Address
- 212 West Vance Street Refugio, Texas, 78377 United States

District information
- Grades: PK–12
- Schools: 3
- NCES District ID: 4836780

Students and staff
- Students: 685 (2023–2024)
- Teachers: 53.12 (on an FTE basis)
- Student–teacher ratio: 12.90:1

Other information
- Website: www.refugioisd.net

= Refugio Independent School District =

School district in Texas, United States

Refugio Independent School District is a public school district based in Refugio, Texas (USA).

Located in Refugio County, a small portion of the district extends into Bee and Victoria counties.

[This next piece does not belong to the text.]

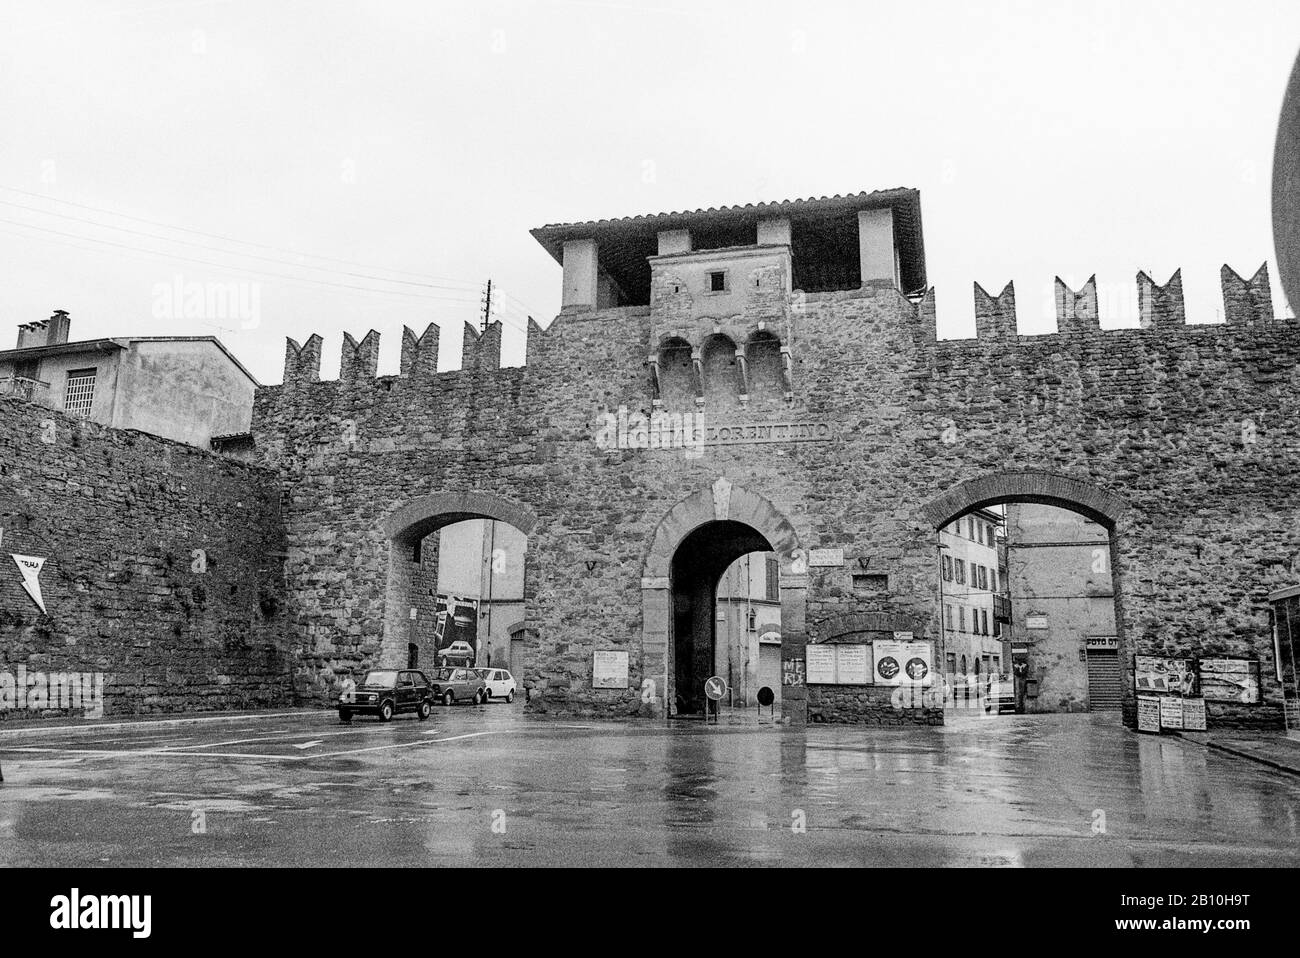 1981 - Arezzo, Porta San Lorentino: Portail de la ville dans les murs médiévaux de la ville toscane, avec des remparts et des portes latérales Banque D'Images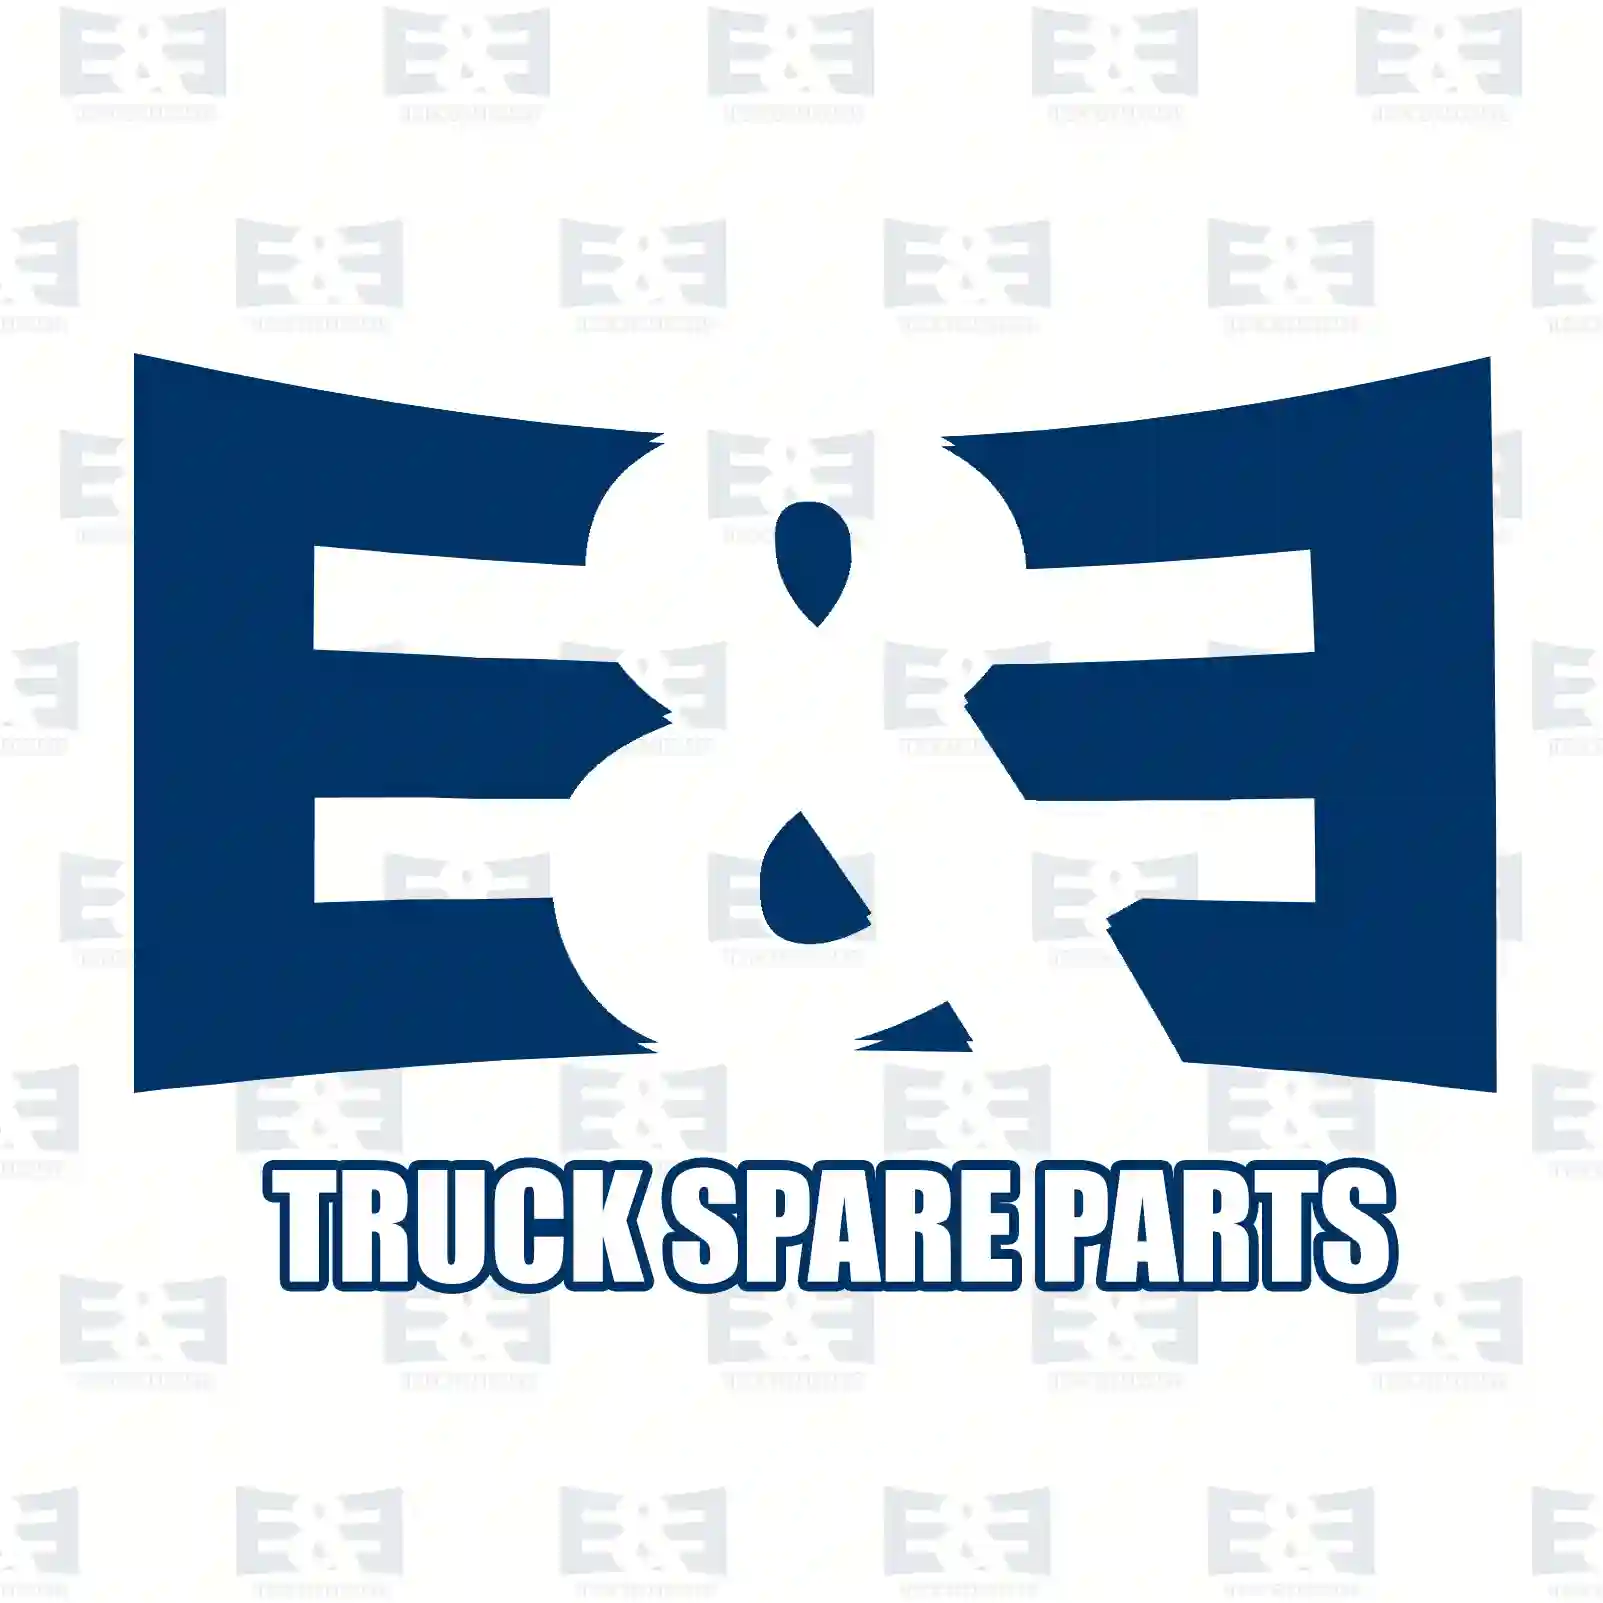  Bowden cable, parking brake || E&E Truck Spare Parts | Truck Spare Parts, Auotomotive Spare Parts

In 2009, the school district was rated "academically acceptable" by the Texas Education Agency.

==History==

On July 1, 1994, the McFaddin Independent School District consolidated into the Refugio district.

==Schools==
- Refugio High School (Grades 7-12)
- Stricklin Elementary School (Grades K-6)

==Athletics==
On December 16, 2011 the Refugio Bobcats were victorious in the State Title game against the Cisco Loboes. With a score of 36-35, the Bobcats claimed their third Championship in school history, and the first since 1982. It was Coach Jason Herring's second championship, as he coached the Sonora Broncos to a title in 2000.

==Notable alumni==
- Dan Firova, Major League Baseball player
- Jared Kelley, Major League Baseball player
- Toya Jones, Track and Field NFL Football player

==Controversy==
In 2011, ESPN's Outside the Lines program highlighted Jason Herring and the Refugio High School football team's preparation for the state playoffs, where they routinely could not avoid running up the score. Having missed the state championship game in three consecutive years, Coach Herring decided to better prepare his team for the postseason, resulting in a heated controversy that even led to death threats to the coach.